Entrüstet schüttele ich den Kopf. "Nein Kinan! Was ist denn los mit euch?"
"Mein Gott", gibt er genervt zurück und dreht die Augen. "Als wäre das ein Staatsverbrechen. Klar, ich finde es auch besser, wenn du damit wartest, aber ist jetzt nicht so, als wären Zayn und ich die heiligen Jungfrauen, die bei dem Thema groß den Mund aufreißen dürfen."
Wieder einmal bin ich überrascht, wie unterschiedlich wir Geschwister sind. Kinan ist seit jeher ein Freigeist. Er liebt das Leben in allen Facetten und macht keinen Hehl daraus, dass er von Traditionen und der konventionellen Lebensweise unserer Eltern nicht besonders viel hält - zumindest nicht genug, um sich selbst daran zu halten.

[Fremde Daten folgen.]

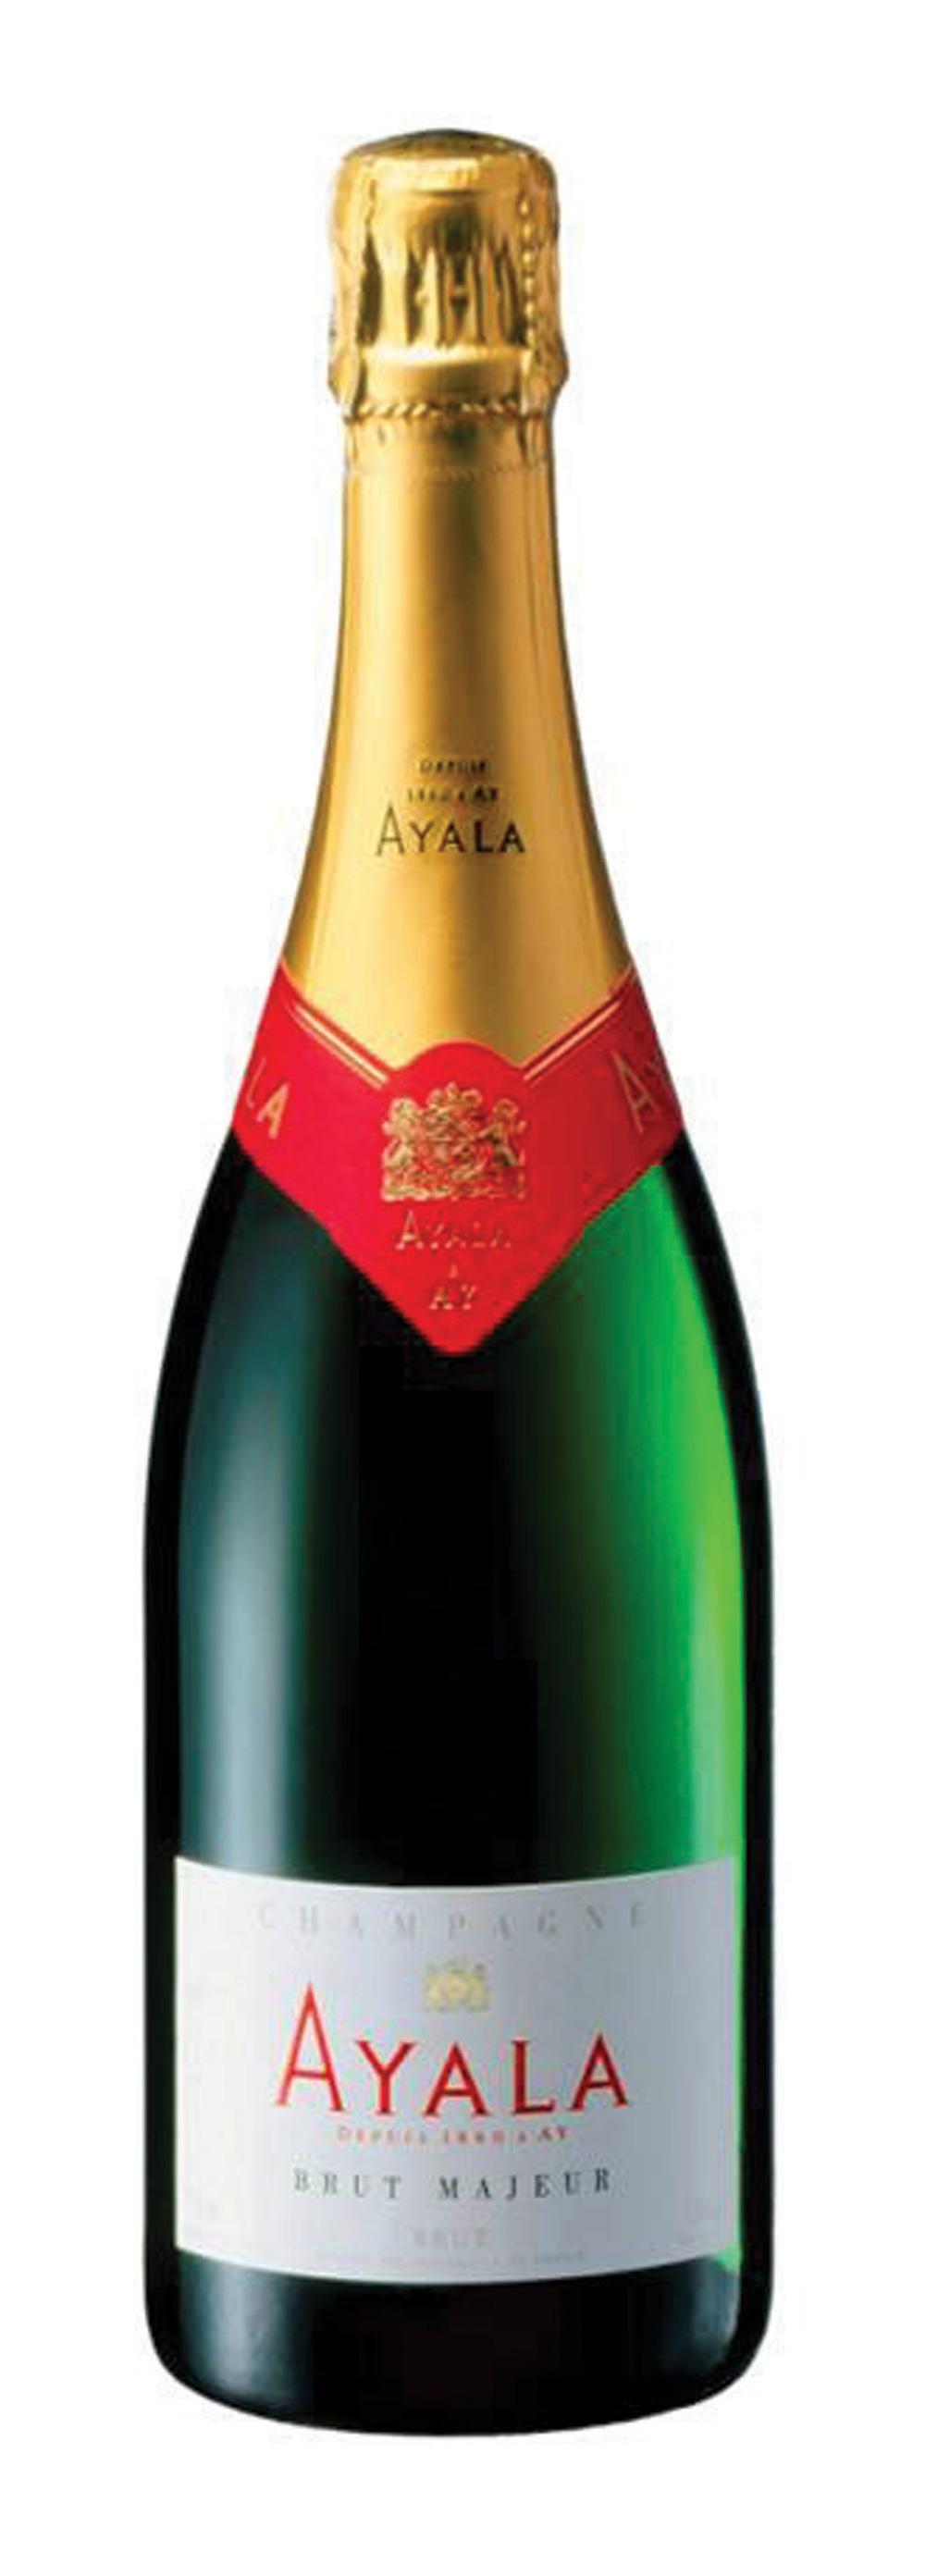 Ayala Brut Majeur Brut Champagne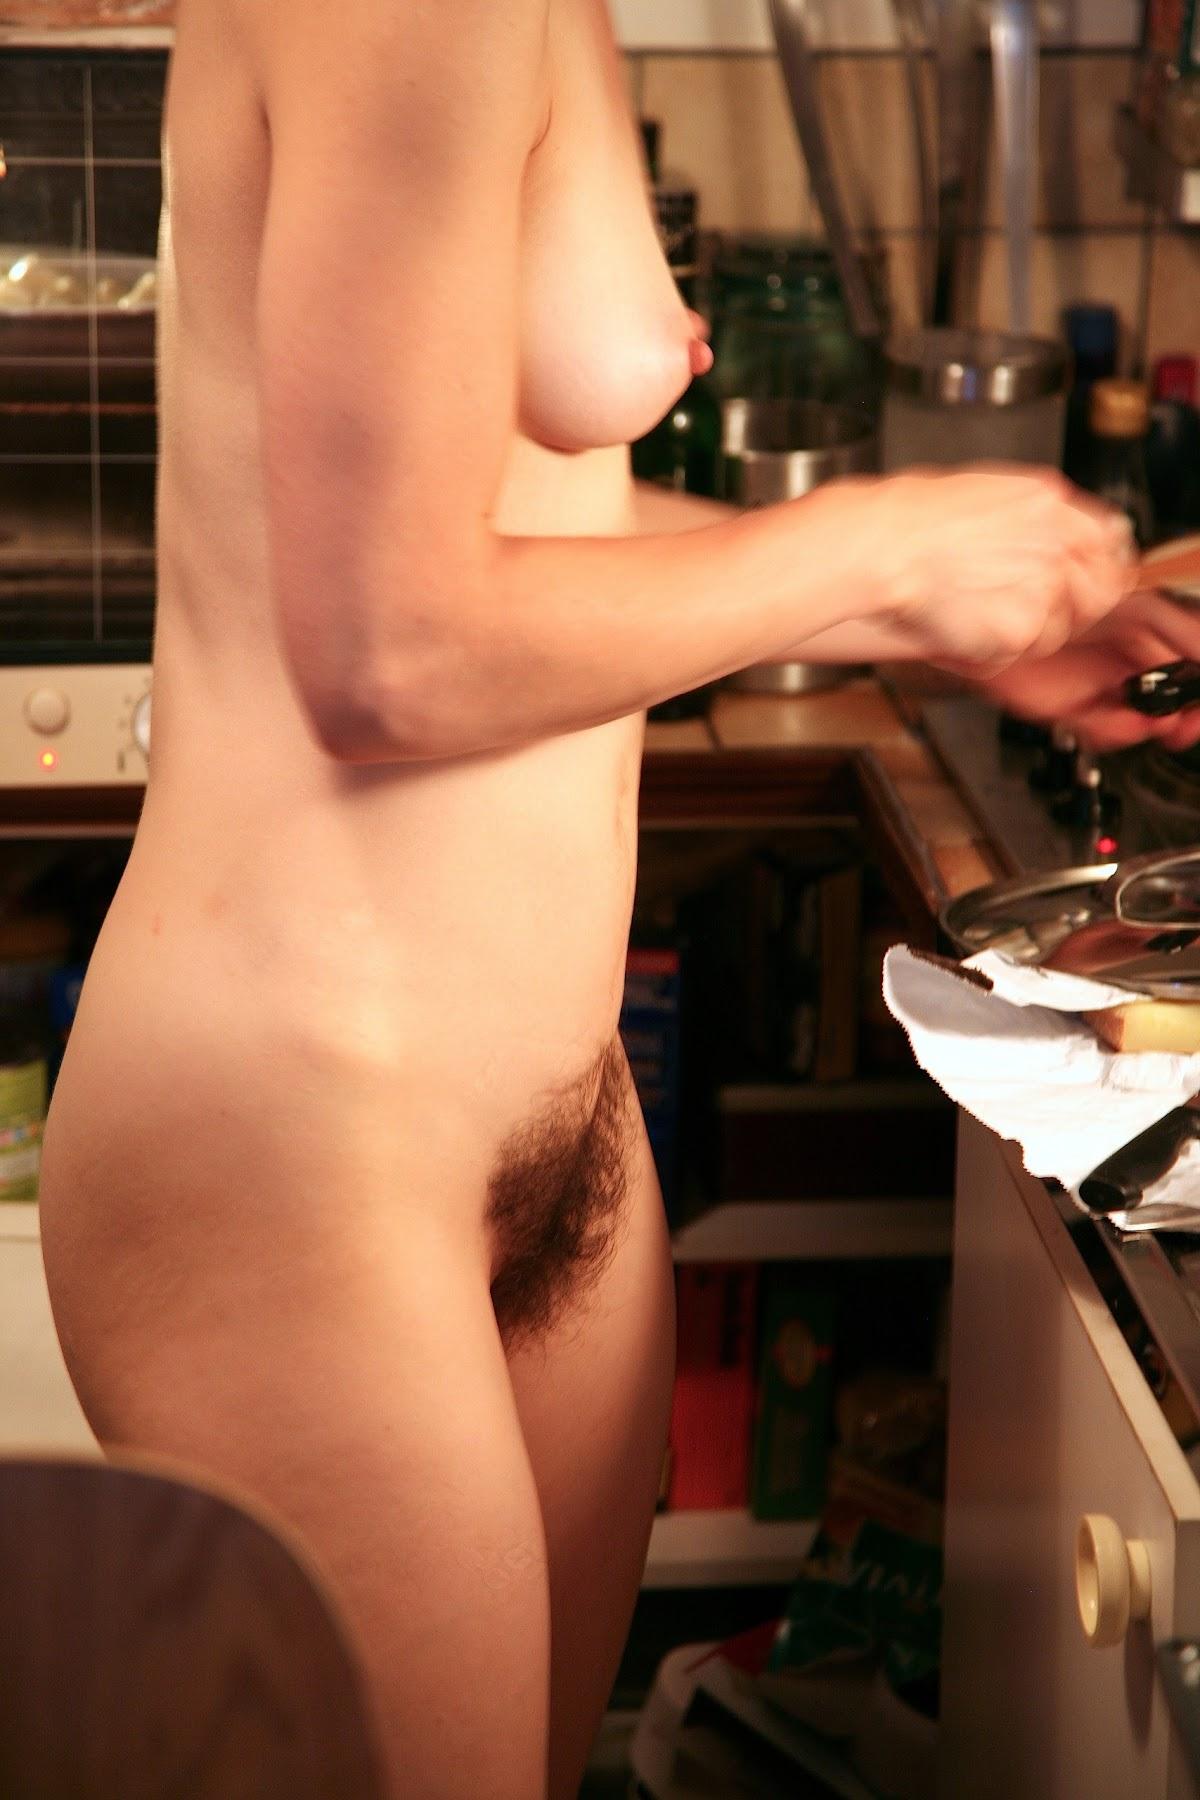 http://1.bp.blogspot.com/-q8bGyj5QgiE/Tp8d7UwXlkI/AAAAAAAADm8/CY6wHzTaEfU/s1800/kitchen+cook.jpg

Er ist nicht der Mann, den ich in fünf Jahren mit einer Frau und zwei Kindern sehe, sondern eher der ewige Junggeselle, der auch mit Mitte dreißig noch Nächte durchfeiert und sich morgens um fünf Uhr angetrunken einen Cheeseburger reinzieht.
Aber auch das ist okay. Vor allem, da er der Toleranteste ist, wenn es darum geht, auch andere Lebensweisen zu akzeptieren.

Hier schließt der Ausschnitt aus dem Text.